Peygamberimiz (sav)'in verdiği bir haber de ahir zamanda gerçek müminlerin neredeyse yok denecek kadar az sayıda olmasıdır:
İnsanlara bir zaman gelir ki camilerinde toplanıp namaz kılarlar. Fakat aralarında mümin bulunmaz. (Hakim; Son Zamanlarla İlgili Hadisler, s. 19)
Cami ve mescitlerin sadece yol olarak kullanılan mekanlara dönüşmesinin ahir zamanın işaretlerinden biri olduğu aşağıdaki hadiste haber verilmektedir:
Mescitler namaz kılınmayıp gelip geçilen bir yol haline geldiği… bir zaman gelmedikçe kıyamet kopmaz. (Son Zamanlarla İlgili Hadisler, s. 87)

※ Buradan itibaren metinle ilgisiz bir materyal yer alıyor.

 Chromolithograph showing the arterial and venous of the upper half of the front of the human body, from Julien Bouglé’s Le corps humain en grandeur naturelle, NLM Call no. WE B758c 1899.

İnsanlar mescitler hususunda öğünmedikçe kıyamet kopmaz. (Ahmet b. Hanbel, Ebu Davud, İbni Mace)
Ahir zamanda Kuran'ı Allah'ın rızasını kazanmak için değil de kazanç elde etmek için okuyan birtakım insanların da ortaya çıkacağı hadiste şöyle dile getirilmiştir:
Kim Kuran okursa (mükafatını) Allah'tan istesin. Zira son zamanlarda Kuran okuyup (mükafatını) insanlardan isteyen birtakım insanlar türeyecektir. (Tirmizi; Son Zamanlarla İlgili Hadisler, s. 12)
Alimleriniz, altın ve gümüş paralarınızı almak için okudukları zaman, Kuran'ı ticaret için edindiğiniz zaman kıyamet yaklaşmış demektir. (Kıyamet Alametleri, s.141)

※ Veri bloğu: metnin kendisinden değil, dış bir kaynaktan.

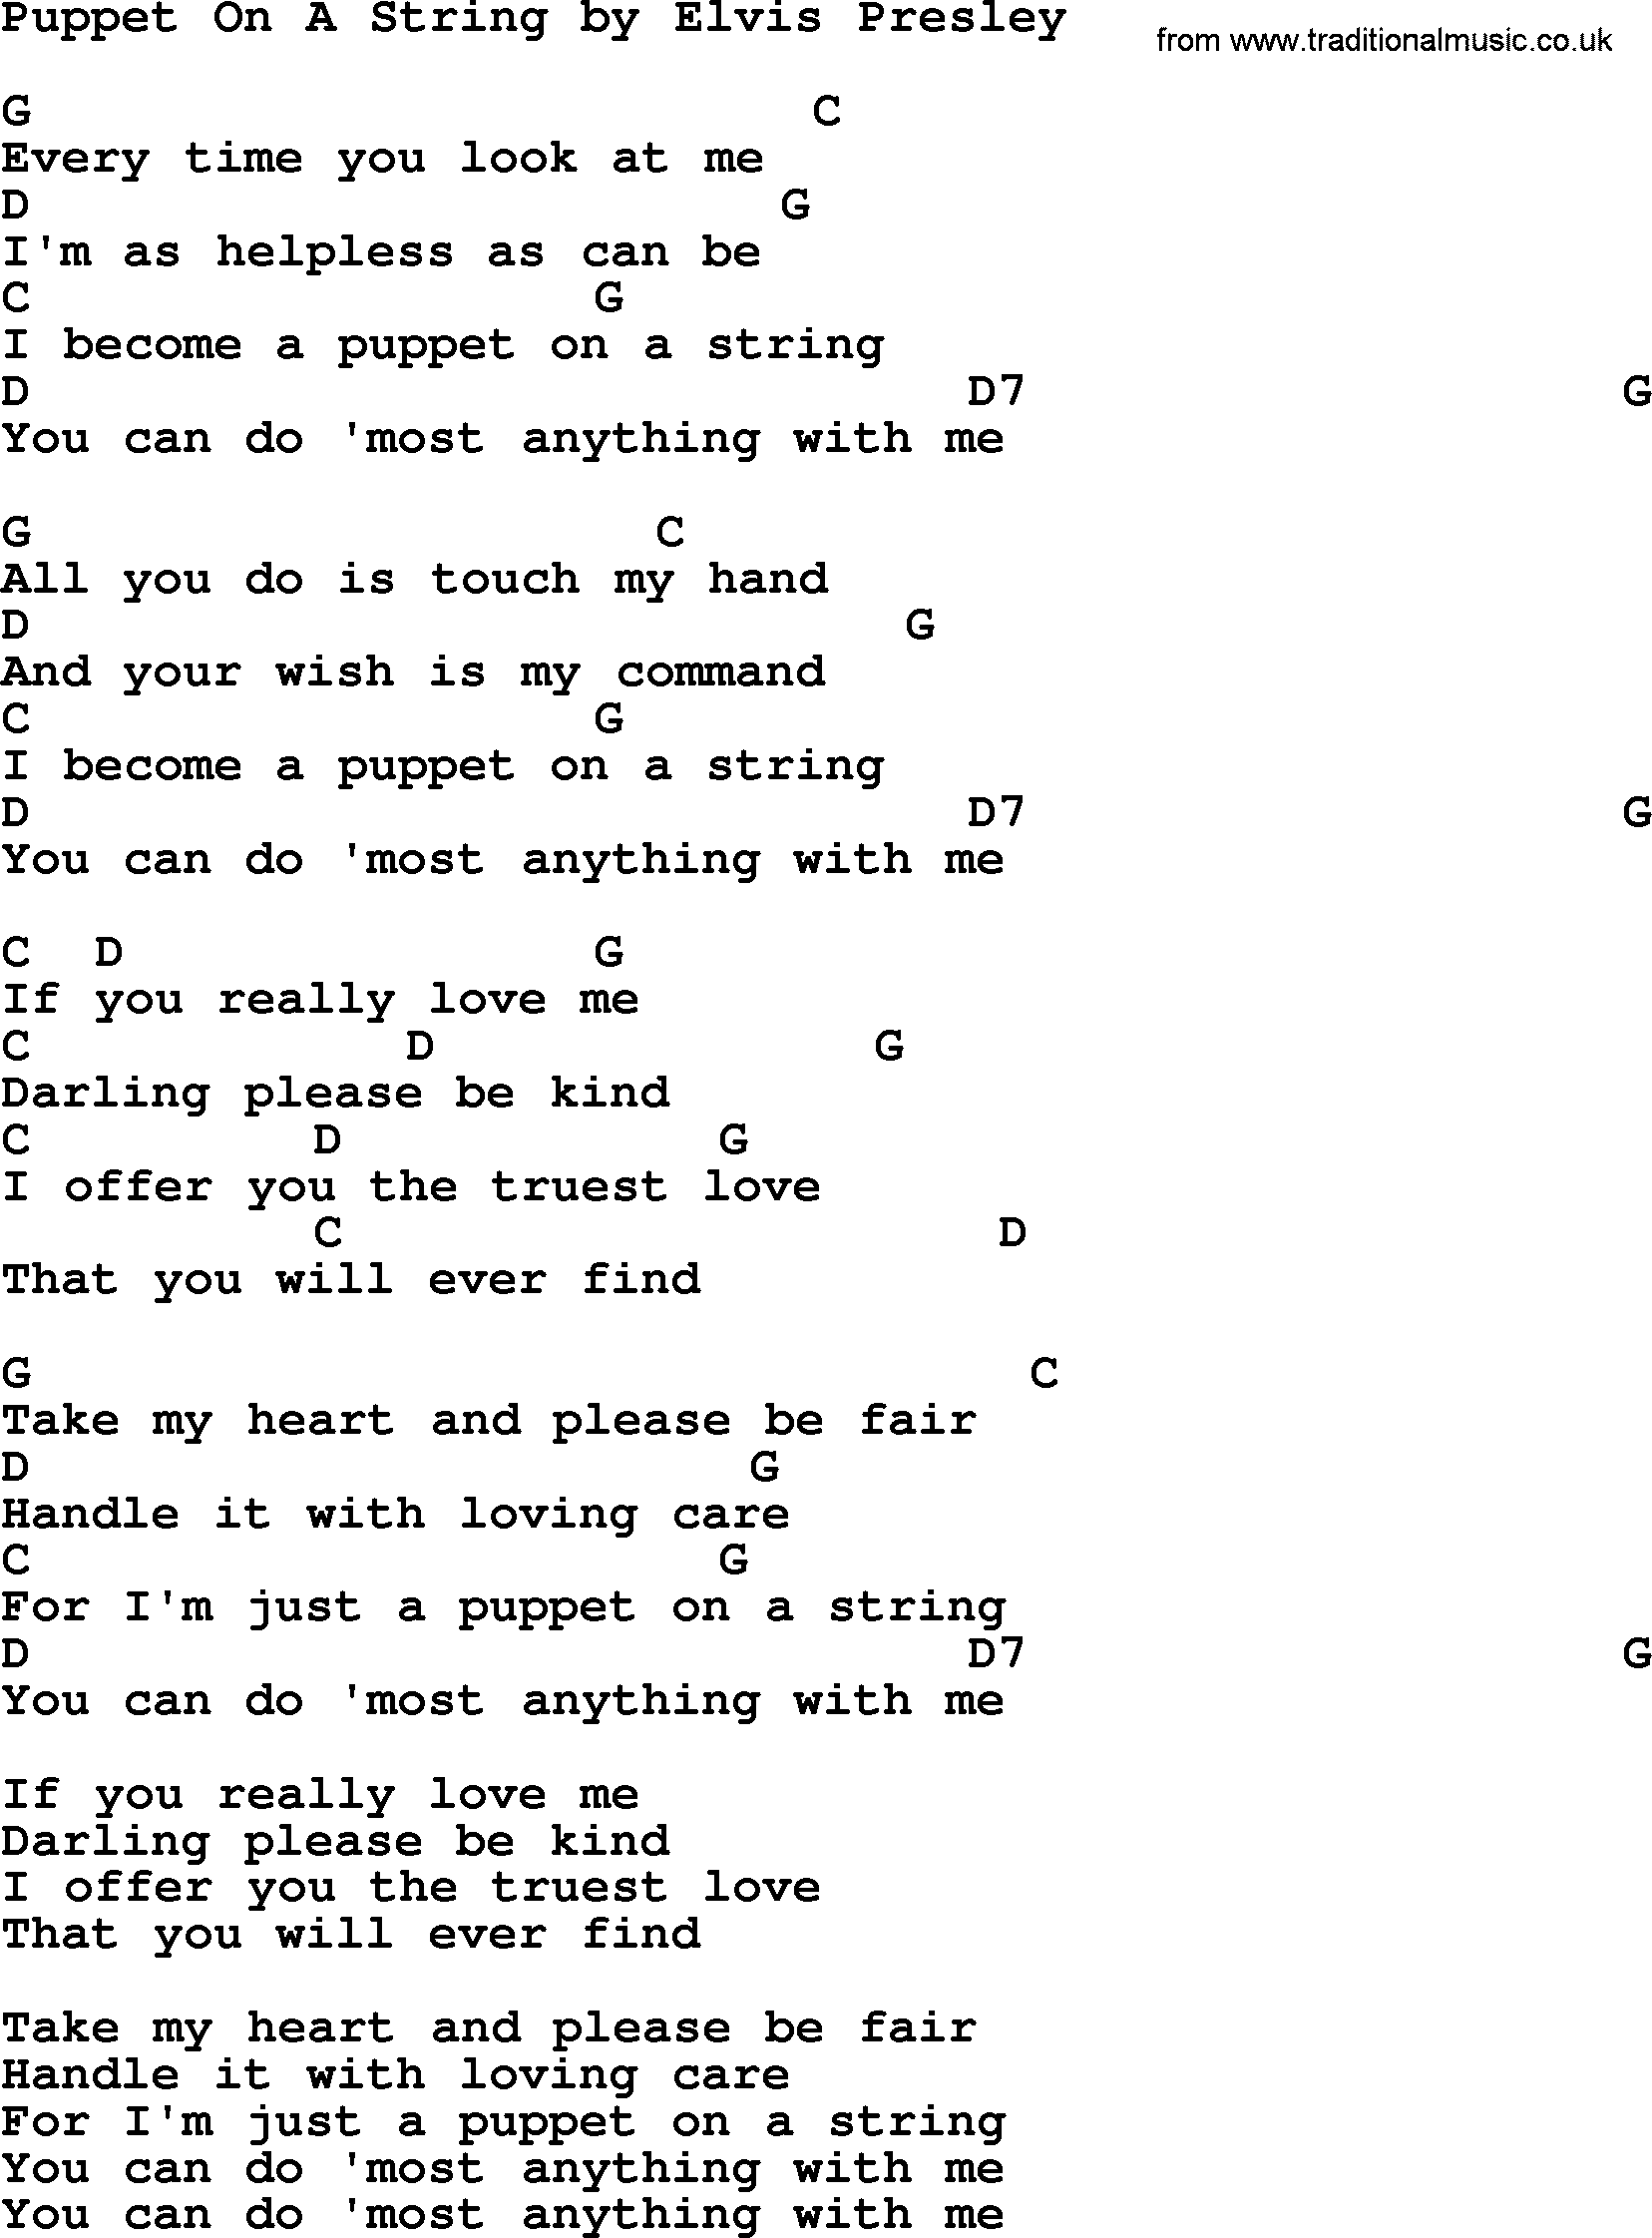 Elvis Presley song: Puppet On A String, lyrics and chords

Kuran'ın amacından farklı şekillerde okunması da bir işarettir:
Kuran-ı Kerim'in şarkı söylercesine okunup haz duyulduğu, hatta kişi alim olmadığı halde bu okuyuşundan dolayı itibar gördüğü zaman… (Taberani; Son Zamanlarla İlgili Hadisler, s. 33)
Müslüman olarak tanınan bazı şahısların yanlış bir kader anlayışına sahip olmaları, bazılarının da yıldızların geleceğe dair haber verdiğine inanmaları ahir zamanın göstergelerindendir:
Ahir zamanda ümmetim hakkında en çok endişe duyduğum: yıldızlara (inanmak), kaderi yalanlamak… (Ramuz-El Ehadis, 1/1540)

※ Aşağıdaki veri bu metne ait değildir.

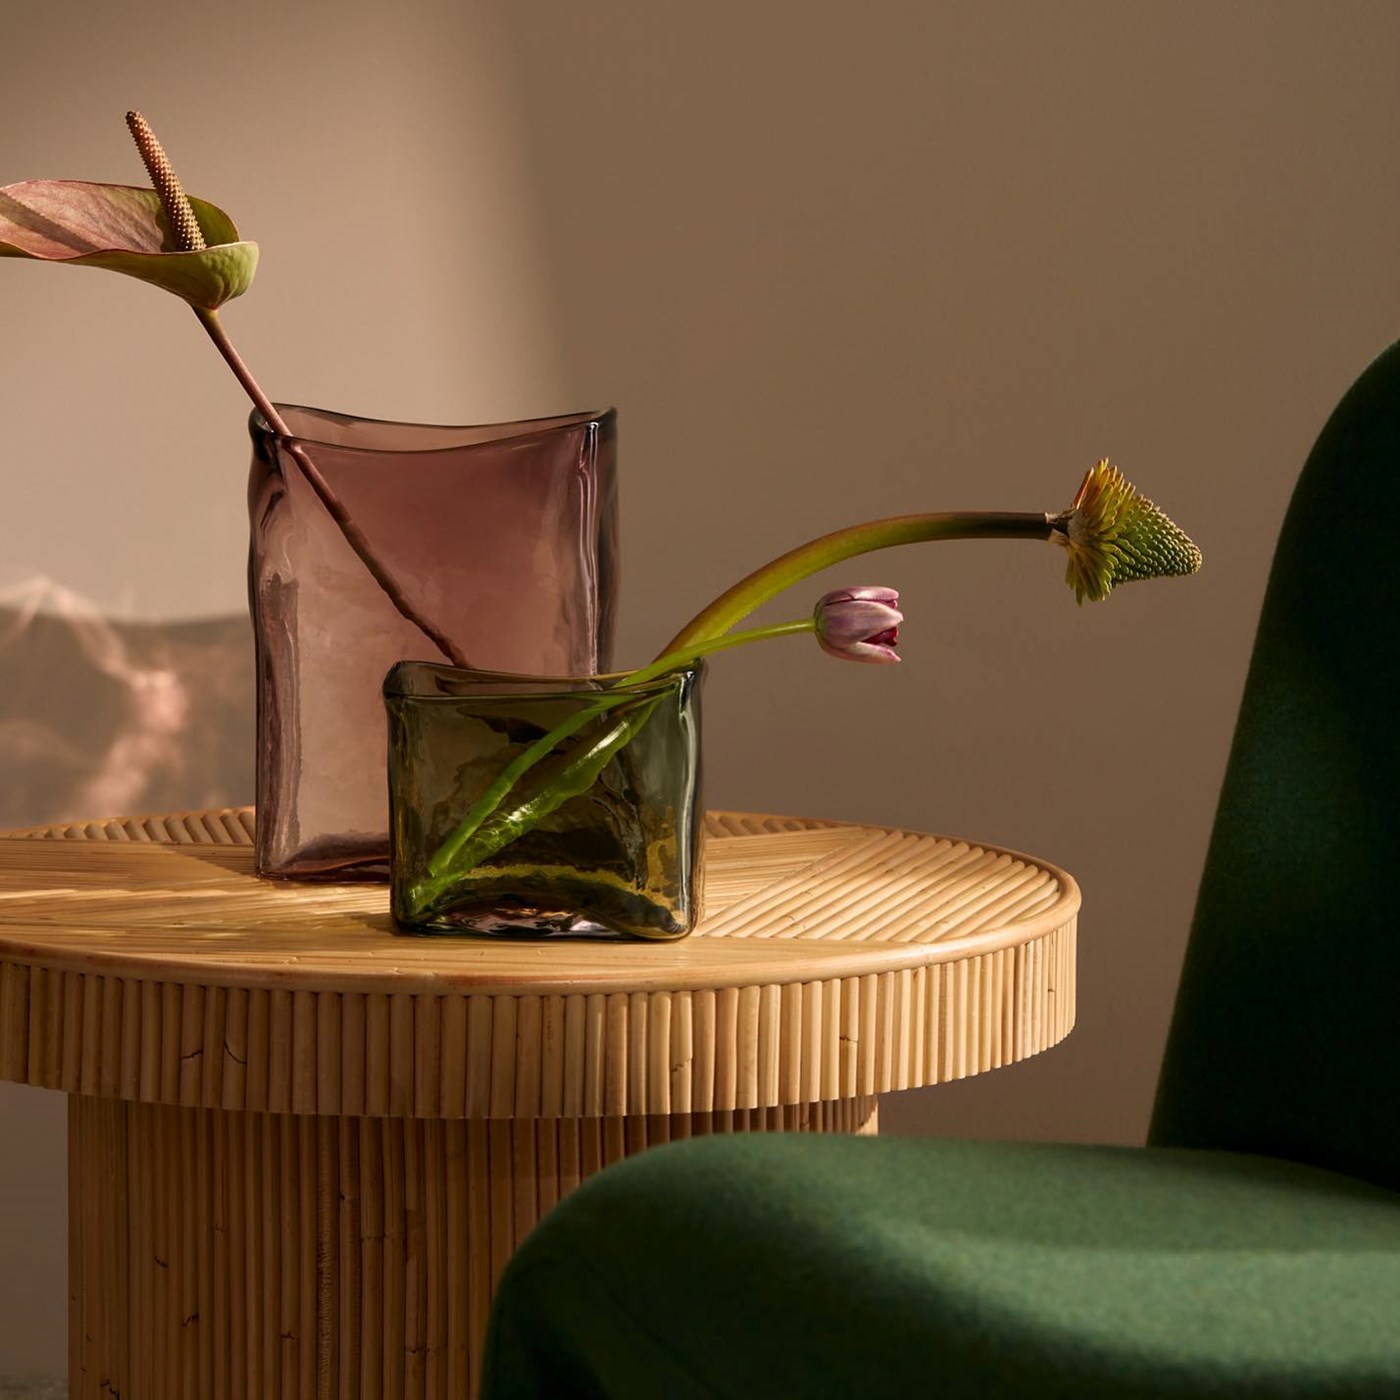 Two rectangular glass vases (one rose, one green) from Marmoset Found sitting on a circular wooden table

Hac ibadetinin yapılış amacının gezmek, ticaret yapmak, gösteriş yapmak veya dilenmek olması ahir zamanın bir diğer belirtisidir:
İnsanlar üzerine bir zaman gelir ki zenginler tenezzüh (seyahat) için, orta halliler ticaret için, onların kurraları (alimleri) riya ve gösteriş için, fakirleri ise dilenmek için hac ederler. (Ramuz-El Ehadis, 503/8)
İnsanlar üzerine bir zaman gelecek, kaygıları kursakları, şerefleri malları, kıbleleri kadınları olacak. Dinleri de altın ve gümüş olacaktır. Bunlar halkın şerlileridir ve Allah yanında onların nasipleri yoktur. (Sülemi; Geleceğin Tarihi 1, s.19)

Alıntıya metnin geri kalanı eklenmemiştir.